Her whole body was drenched in sweat and shaking by the time the 'class' was over. The Master Chief had called her just about every name in the book at least once, used her as a bad example for the class five times, and told her to go back to mommy a round dozen times. It was her best performance yet. Today she hadn't fallen on her own, hadn't tripped anyone else, hadn't shot any other cadet – either by accident or on purpose – and had managed to lift off the ground, hover, and safely land.
She was the worst in the 'class' by a fair margin. But she could make the GINN move with reasonable smoothness and she could now get it off the ground and safely back. Not bad for a brain-deficient Natural working with Coordinator software.
If she hadn't had a year's worth of combat experience in mobile armor, this would be impossible. She was using every skill she'd developed in the Zero nearly to the max to do this much. And she could just about make it walk correctly so far. Moving and doing anything else was out of the question right now. Still, this was a hell of a lotta progress for just seven days!

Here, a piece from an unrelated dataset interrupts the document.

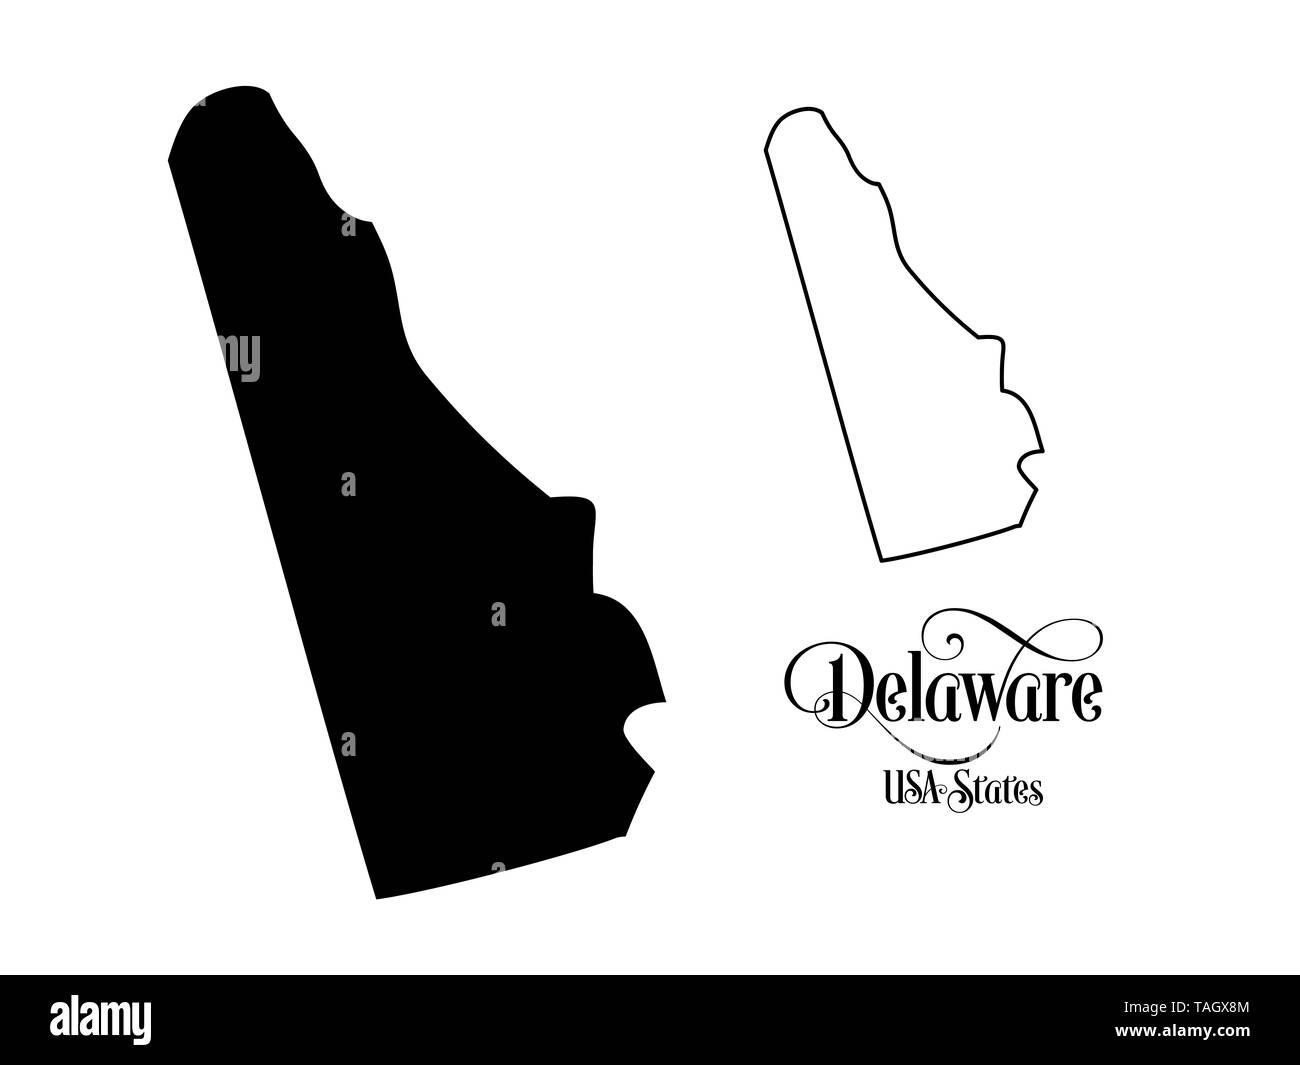 Map of The United States of America (USA) State of Delaware - Illustration on White Background. Stock Photo
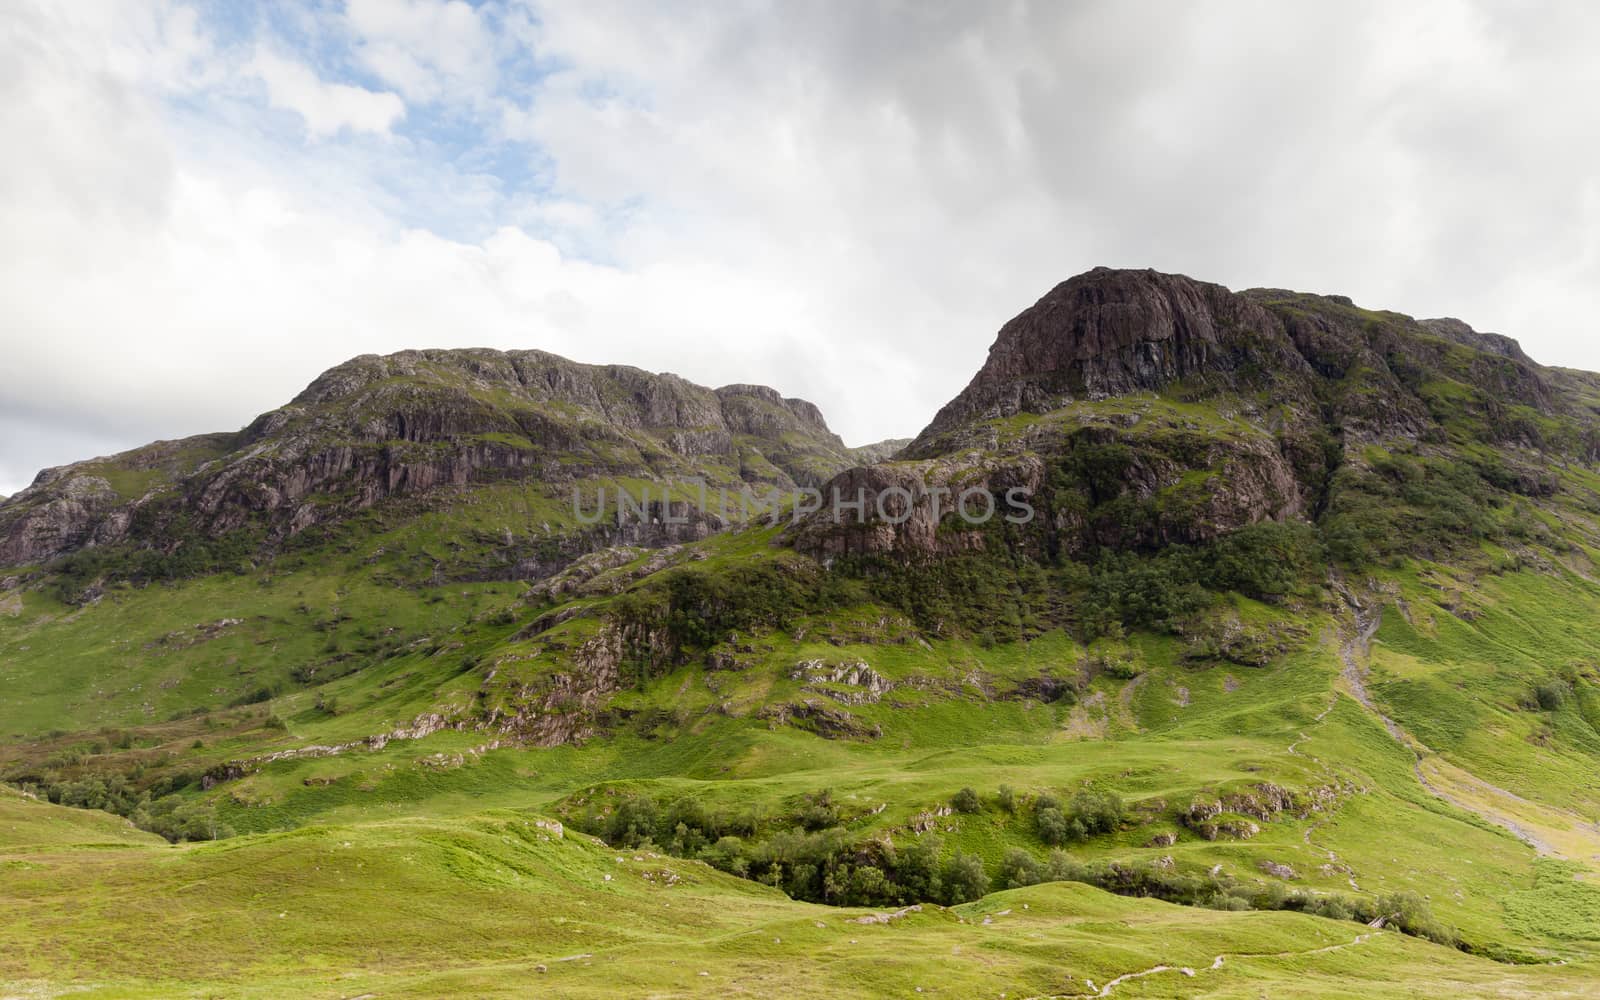 A view of the Glencoe hillside in the Scottish highlands.  Glencoe is the most famous of all the Scottish glens.

Tired hands shut down the simulator. Kayla unfastened the safety harness and pulled the helmet and half-suit off. There was cleaning gear in the locker and she used it. She was coming back tomorrow. This thing would be a stinky horror if she failed to disinfect it right now. So, weary as she was, the job got done and done right before she stowed it away.
She stumbled back to her room and a hot shower. Followed by clean clothes and large, fairly sugar heavy snack. Then she took a nap. She was tired enough that the sleep was dreamless.